§ **Data for this task**:
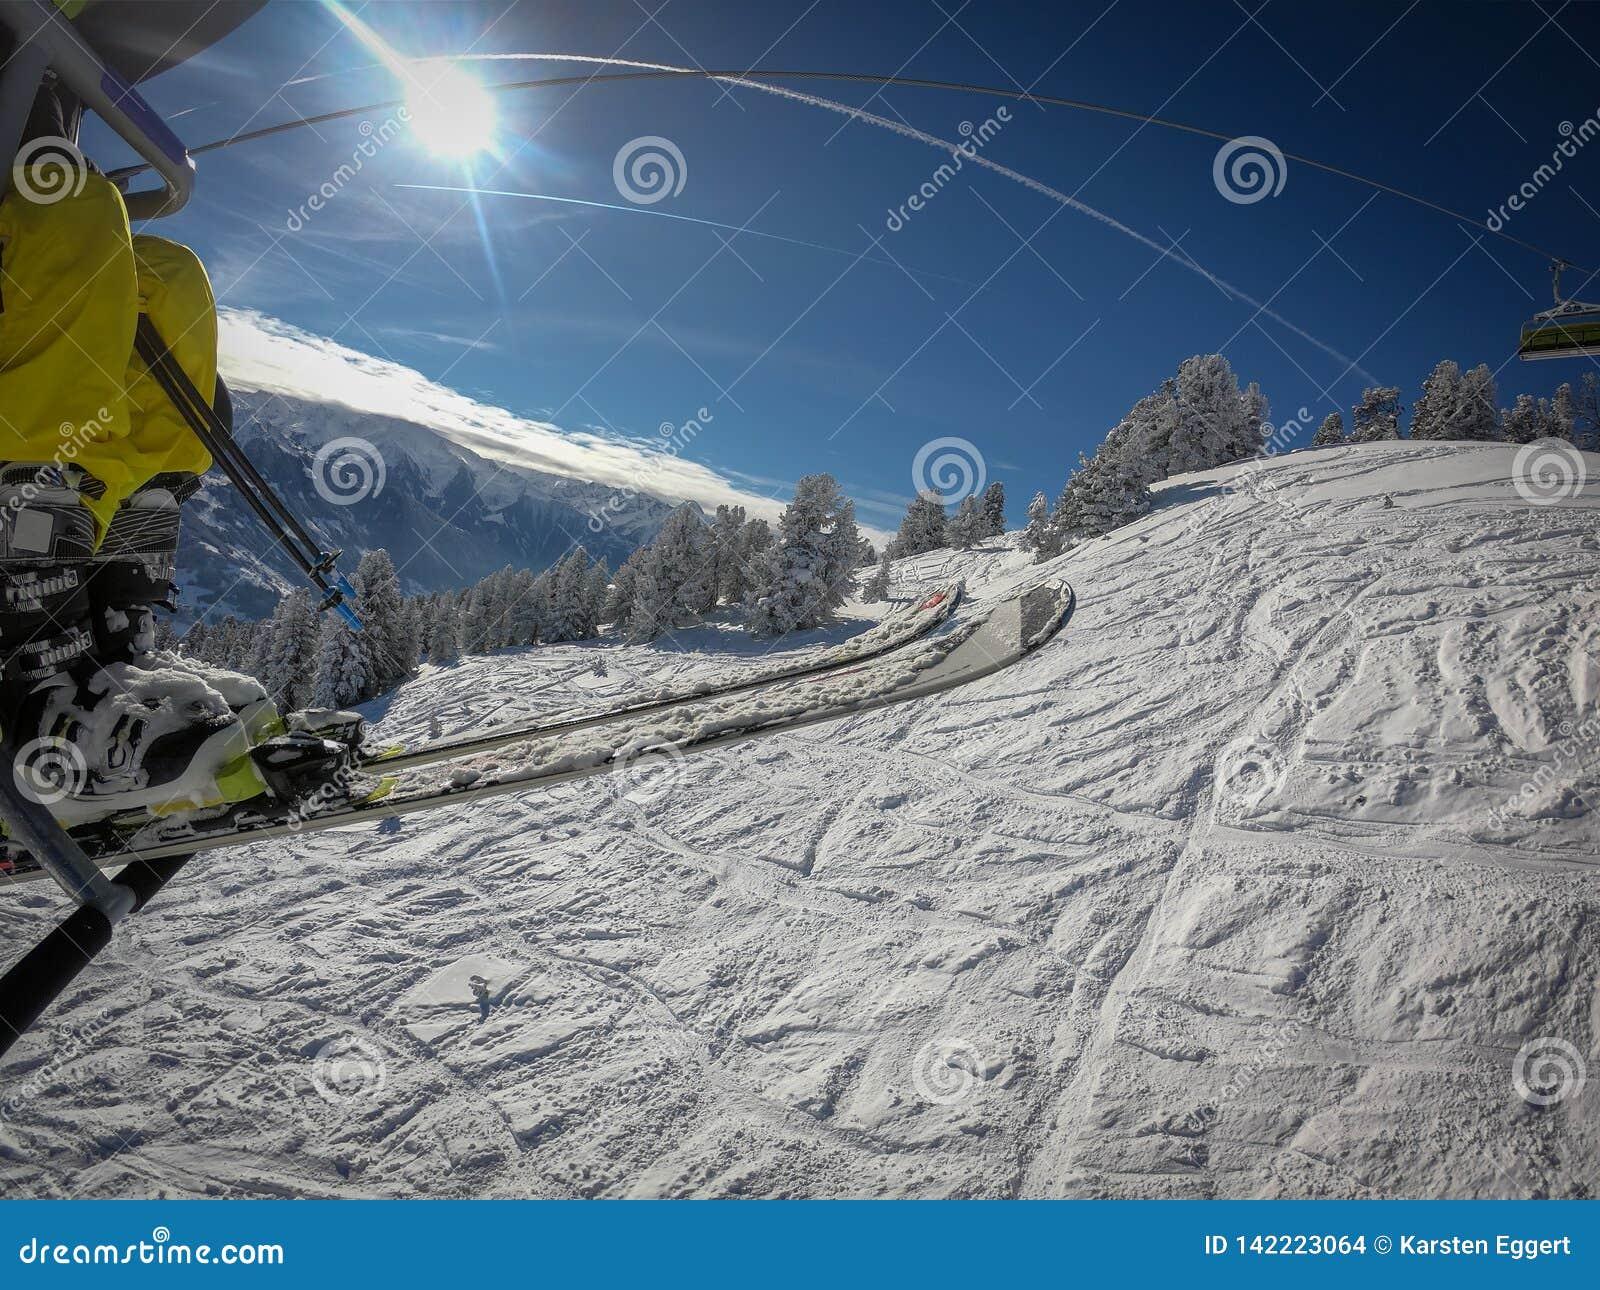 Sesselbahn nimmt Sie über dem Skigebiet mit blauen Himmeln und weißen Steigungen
--
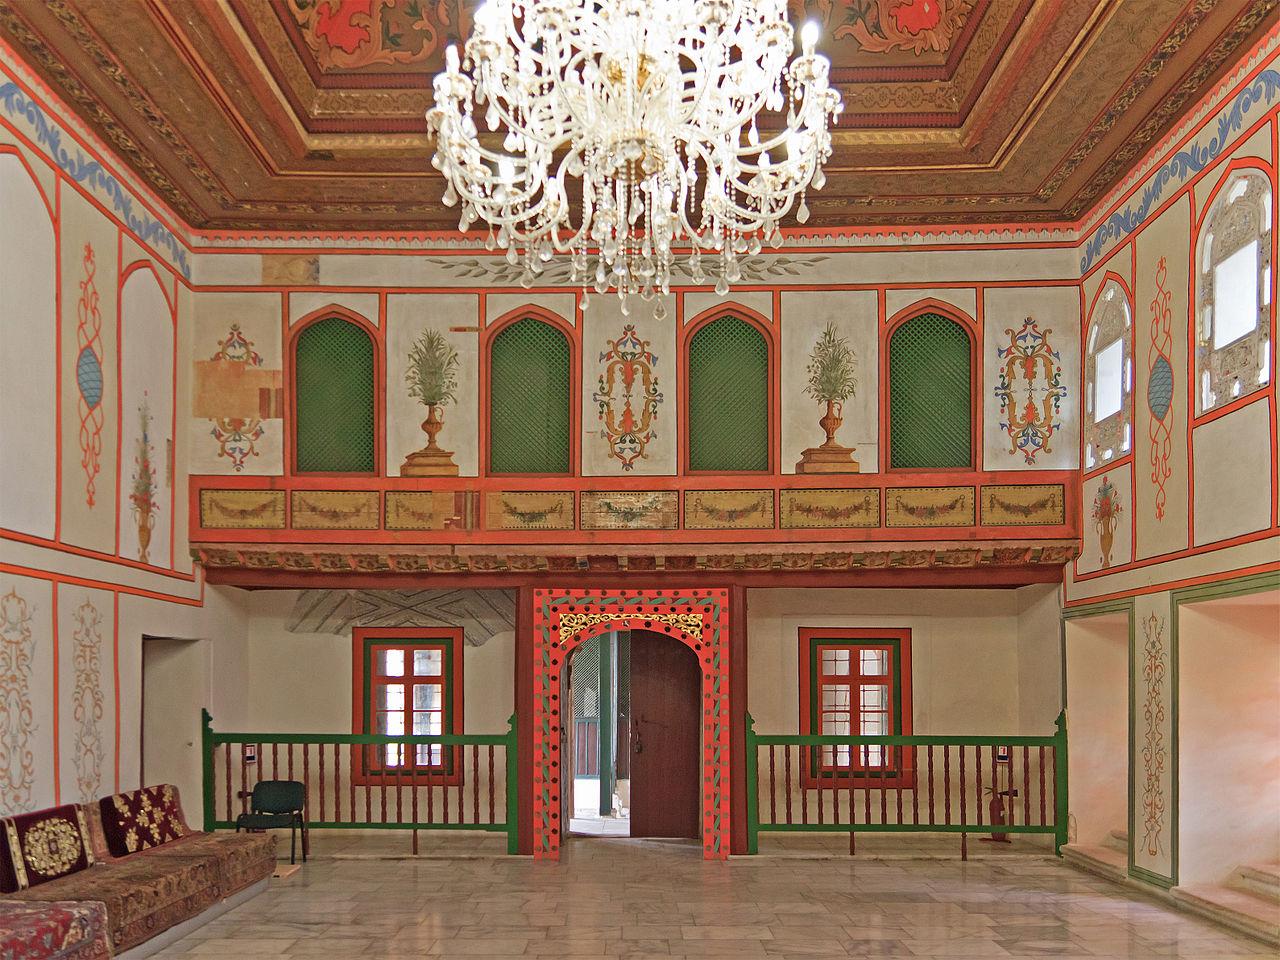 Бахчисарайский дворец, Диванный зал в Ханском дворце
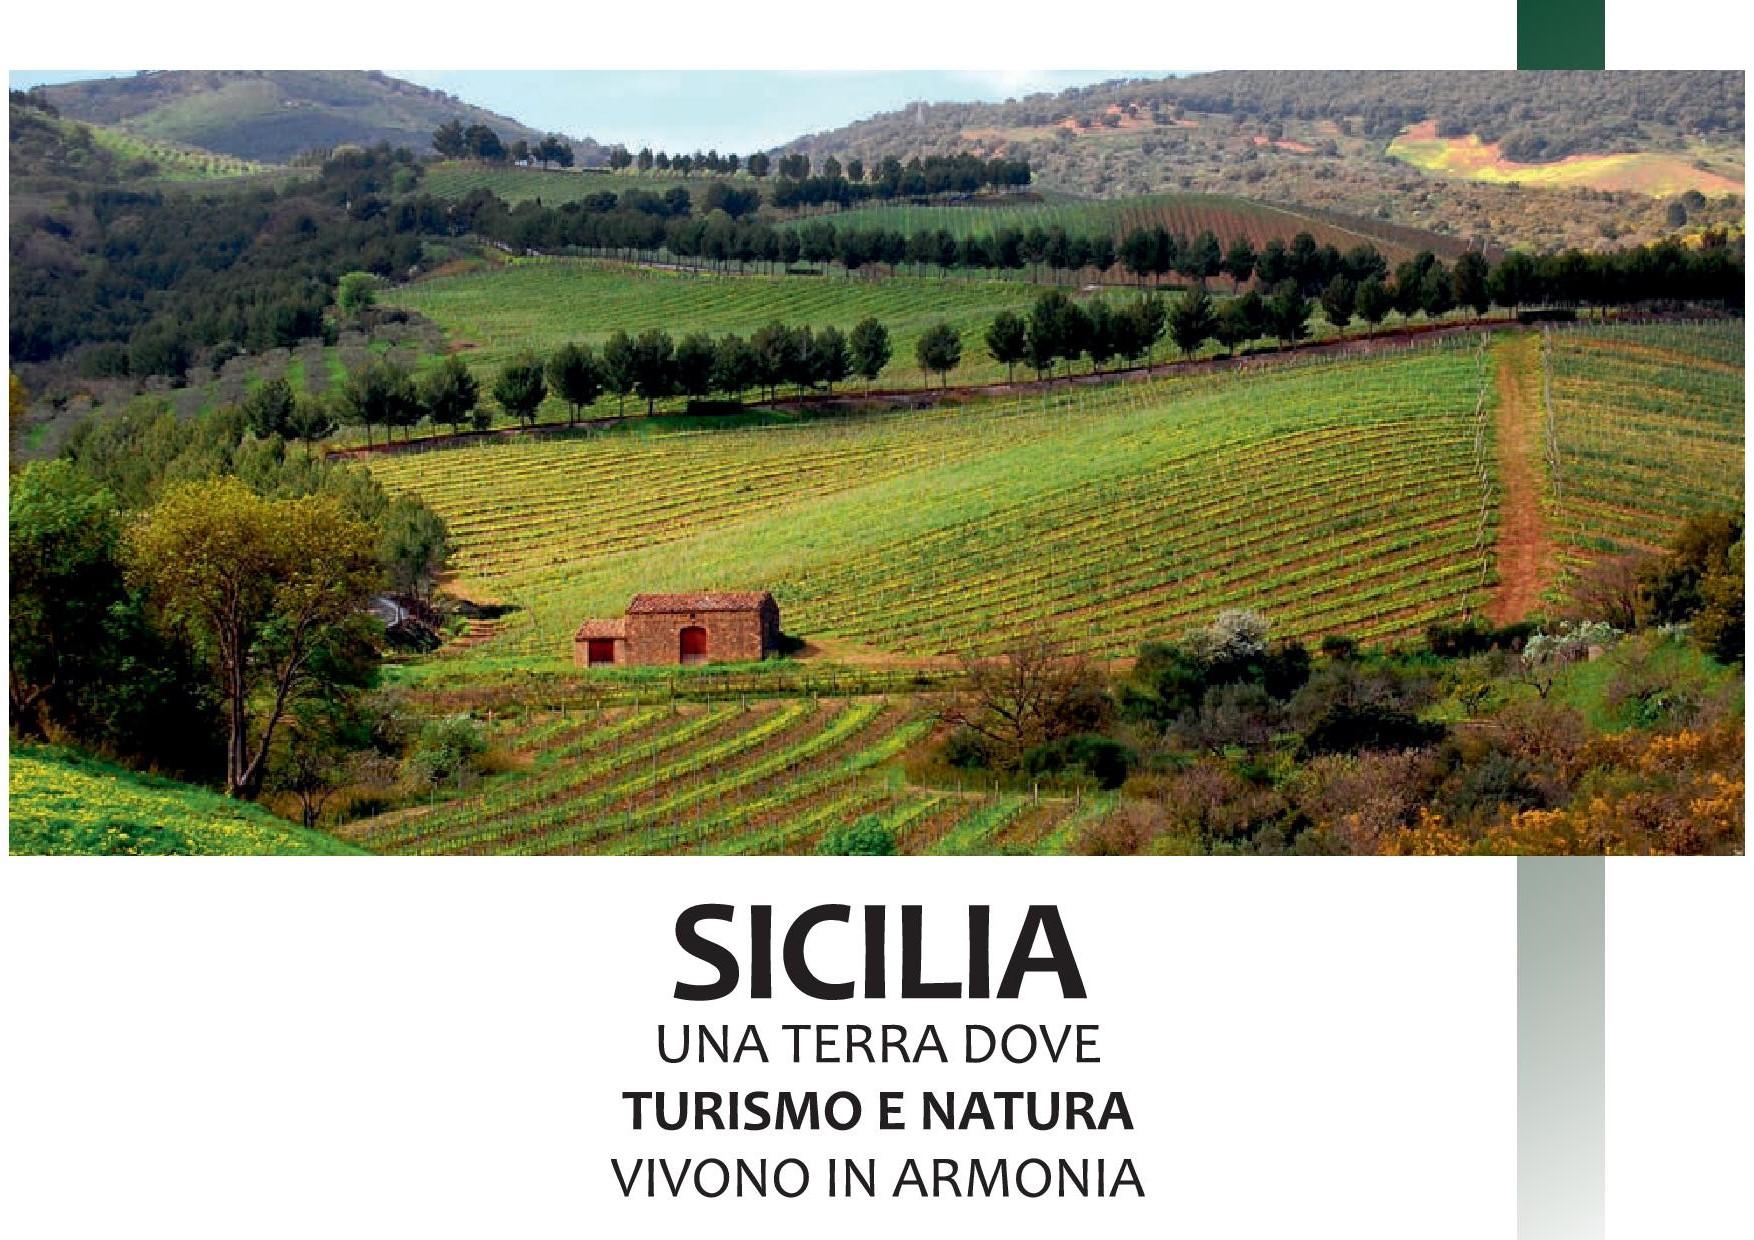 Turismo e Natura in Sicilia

§ **Assignment**: Using the data above, print only the lines starting at the one with "Бахчисарайский дворец, Диванный" and ending at the one with "Turismo e Natura in Sicilia", exactly as they stand, minus the pictures.

§ **Solution**:
 Бахчисарайский дворец, Диванный зал в Ханском дворце
 Turismo e Natura in Sicilia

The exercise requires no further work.